The use of curvilinear fiber in piezoelectric structures has become a hot spot in recent years. Nevertheless, the existing researches rarely execute curvilinear fiber optimization, especially considering topology optimization simultaneously. This paper proposes an isogeometric topology optimization based on the Heaviside filter to realize the simultaneous optimization of fiber orientation and topology structure for variable stiffness composite laminate (VSCL) energy harvesters. The isogeometric formulations of the VSCL energy harvesters are derived based on the Kirchhoff plate theory and Hamilton’s principle. Then, combined with the piezoelectric material with penalization (PEMAP) model, the optimization model taking the minimum energy factor as the objective function is established.
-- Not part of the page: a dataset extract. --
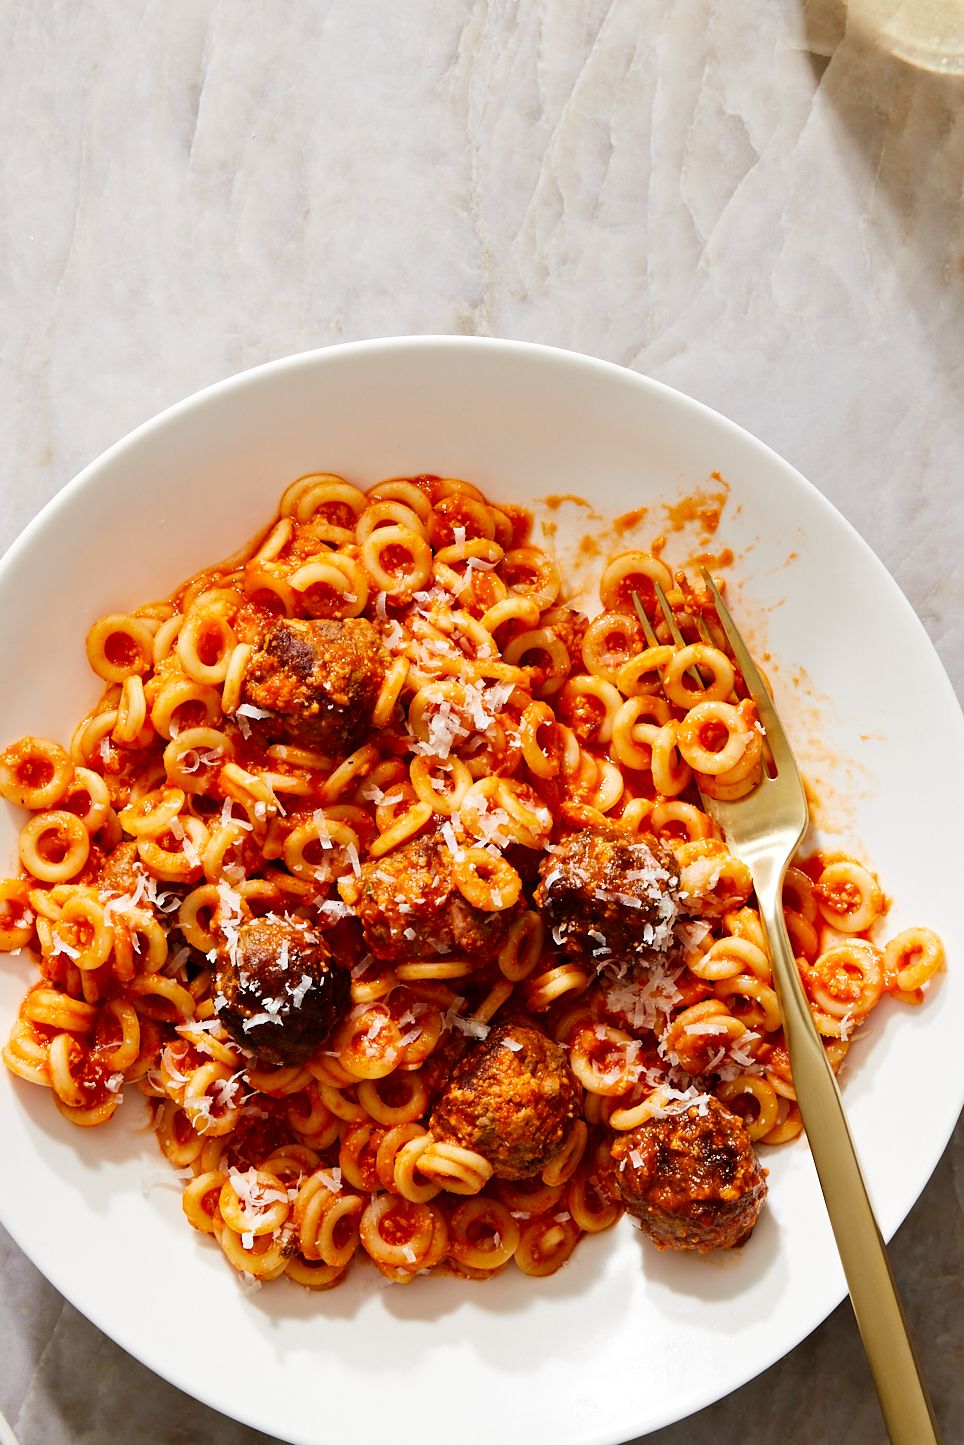 This retro SpaghettiOs dish is making us question everything

For a bimorph VSCL energy harvester, the correctness of isogeometric formulations is verified, and the effect of strain energy constraint, curvature constraint, and initial fiber paths on the optimized designs is fully analyzed. Besides, the optimization process is extended to a multilayer VSCL energy harvester. More importantly, the harmonic vibration analysis is executed to test the energy harvesting characteristics of optimized designs. The results show that the present approach can improve energy harvesting efficiency from the fiber path and topology structure point of view, and the output power increases by 37.9% compared with the initial model.